WORK ORDER: The full listing, excluding its pictures, should be printed exactly as it stands.

RECORDED INFORMATION:
------------------------------------------------------------
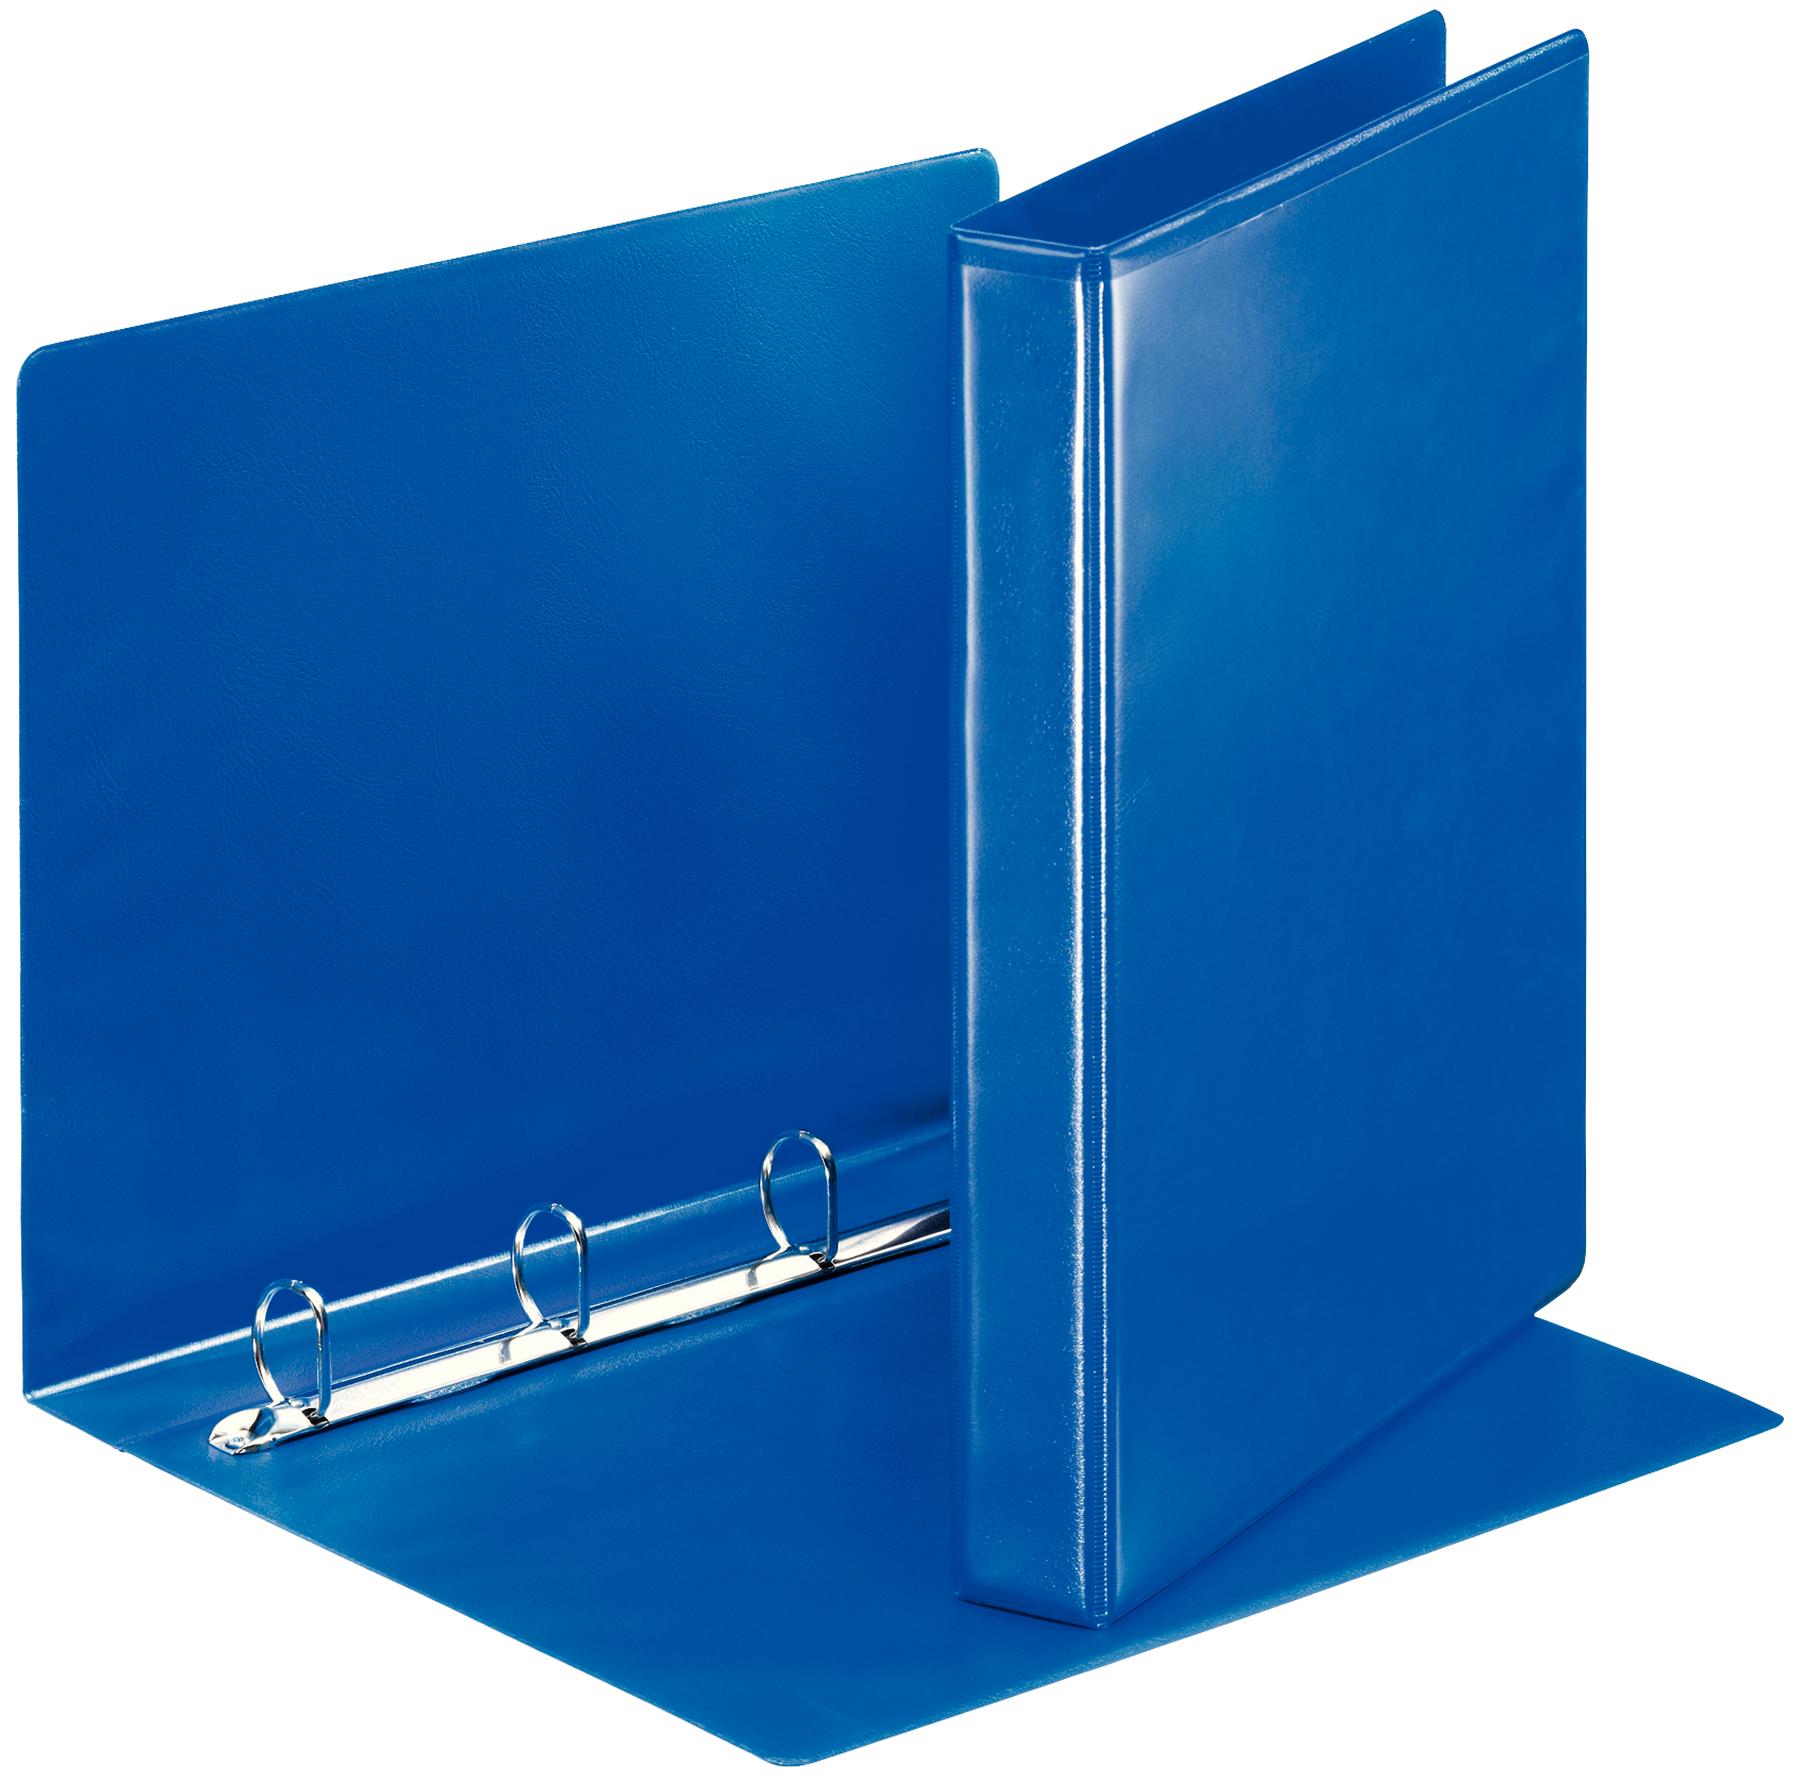 Esselte Essentials Pres Binder A4 25mm 4 D-Ring Blue PK10
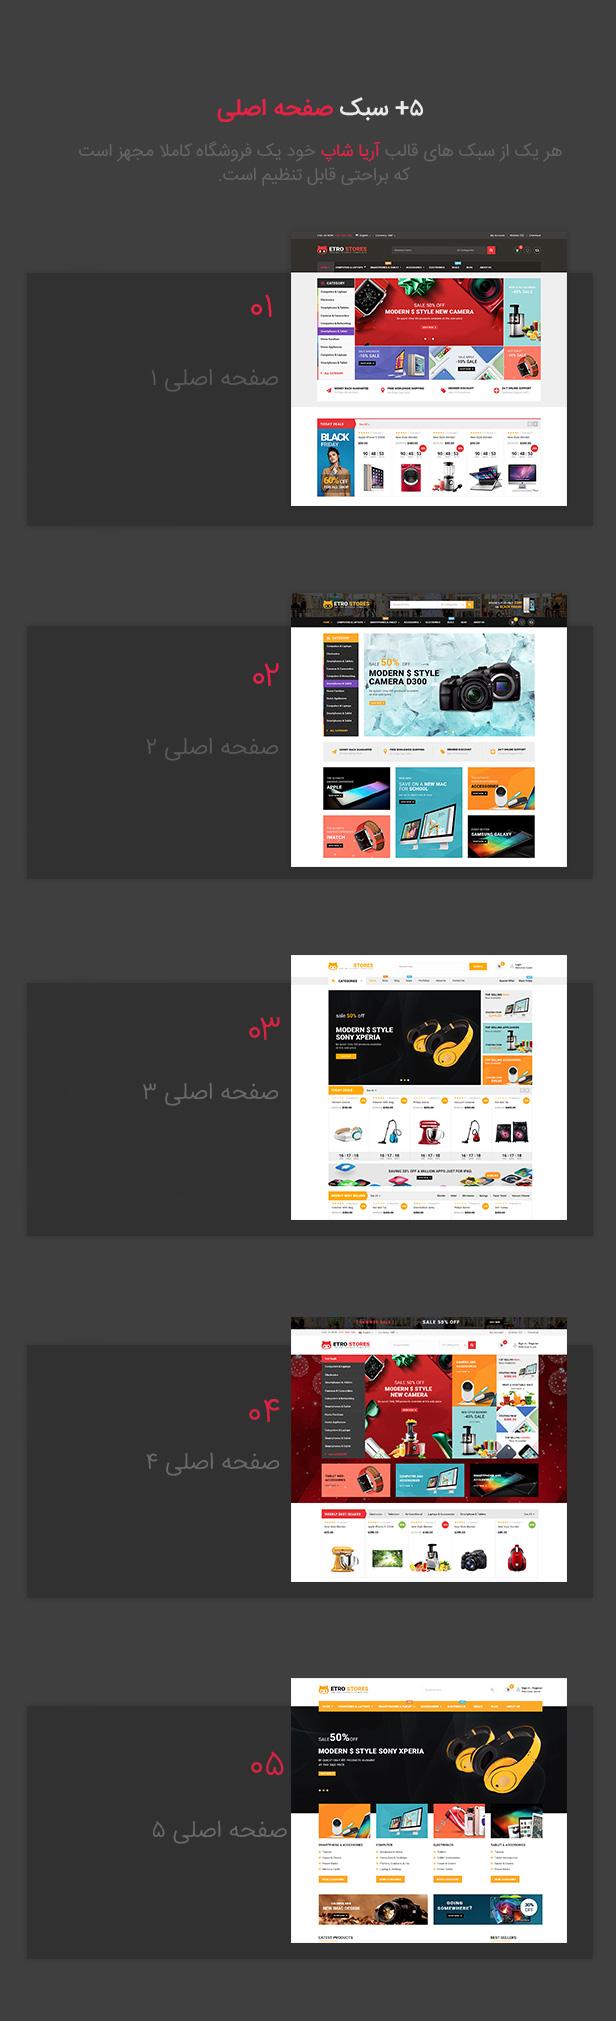 http://s8.picofile.com/file/8315404992/Etro_store_1.jpg
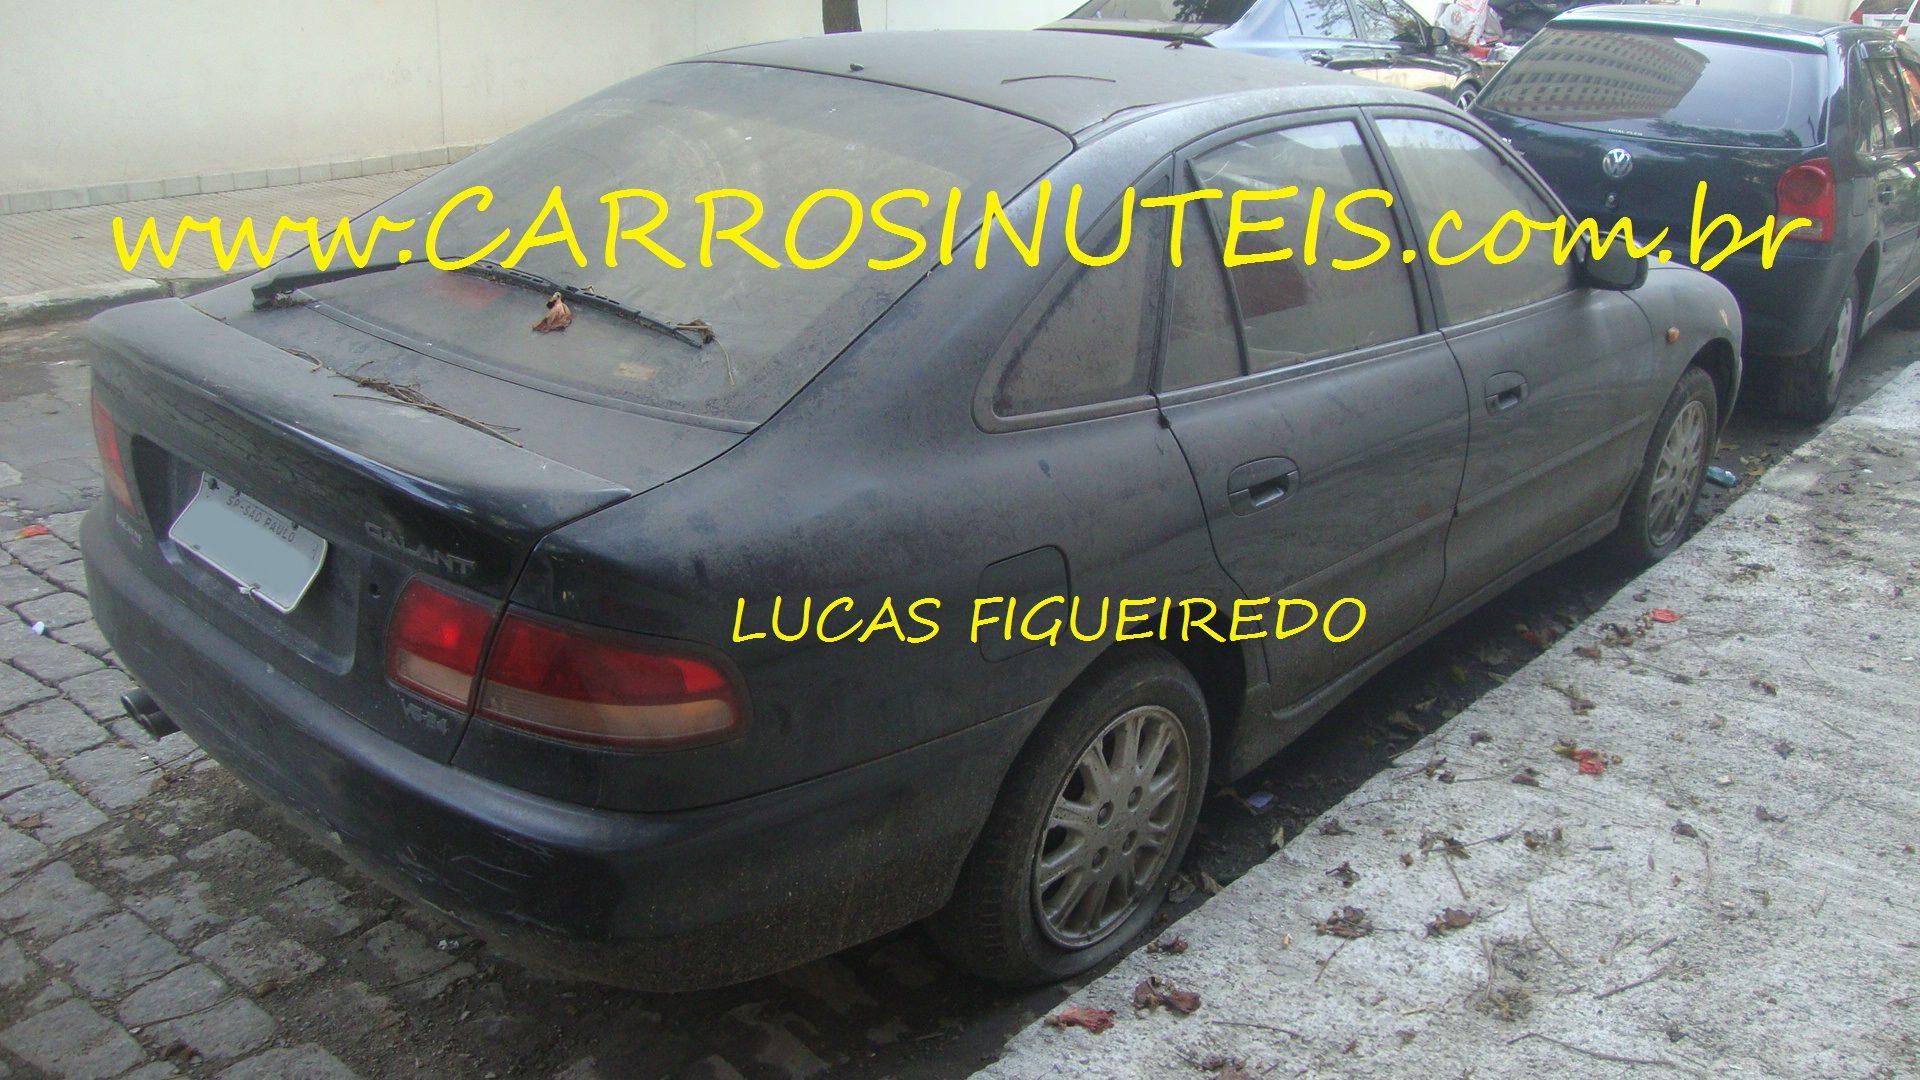 Lucas_Galant_Sao-Paulo_Capital_04 Mitsubishi Galant V6, São Paulo, SP.
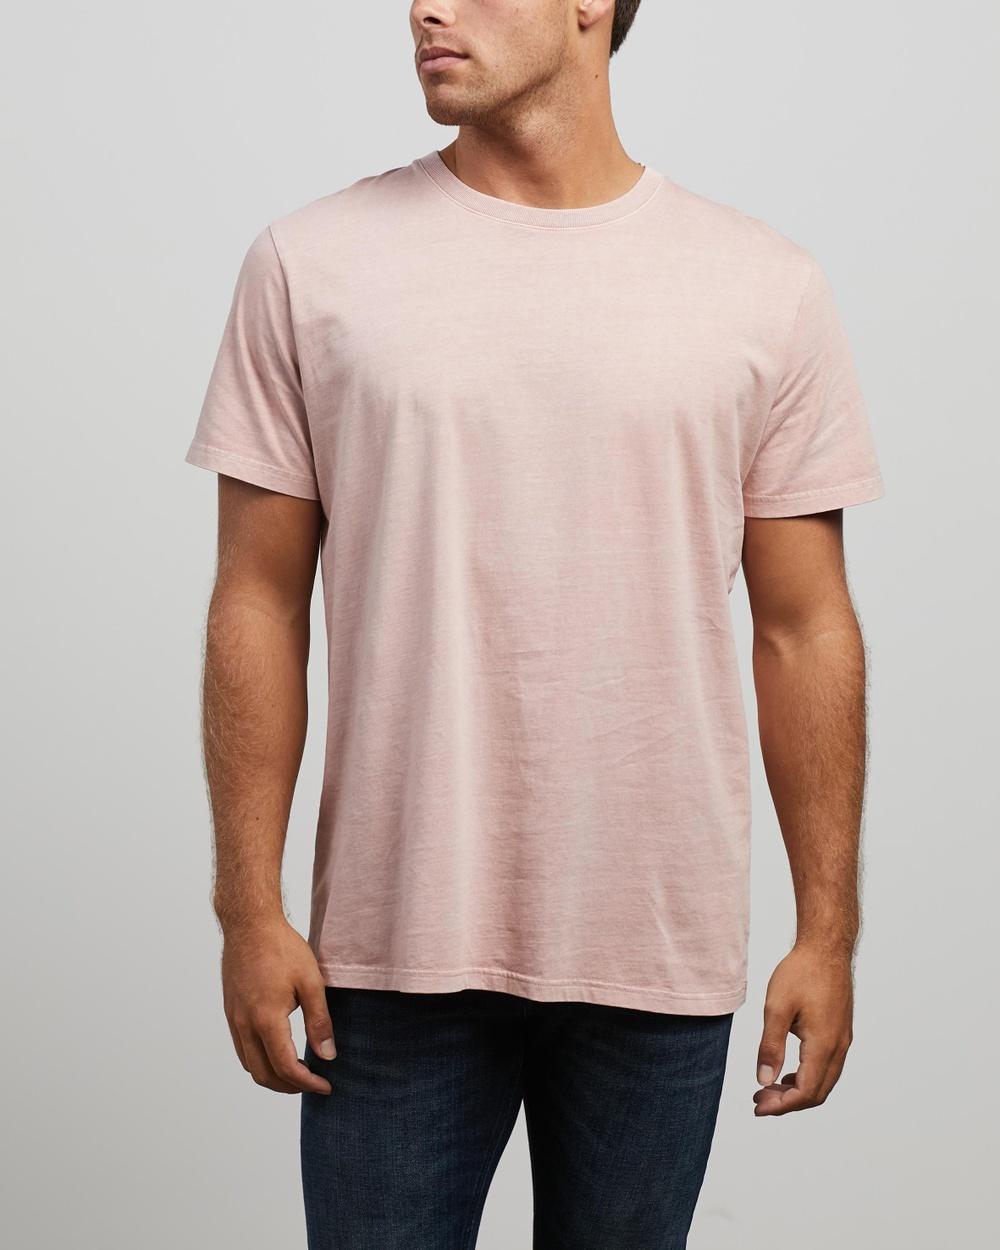 Neuw - Band Tee - T-Shirts & Singlets (Peach) Band Tee
------------------------------------------------------------
TASK SOLUTION:
 Esselte Essentials Pres Binder A4 25mm 4 D-Ring Blue PK10
 http://s8.picofile.com/file/8315404992/Etro_store_1.jpg
 Lucas_Galant_Sao-Paulo_Capital_04 Mitsubishi Galant V6, São Paulo, SP.
 Neuw - Band Tee - T-Shirts & Singlets (Peach) Band Tee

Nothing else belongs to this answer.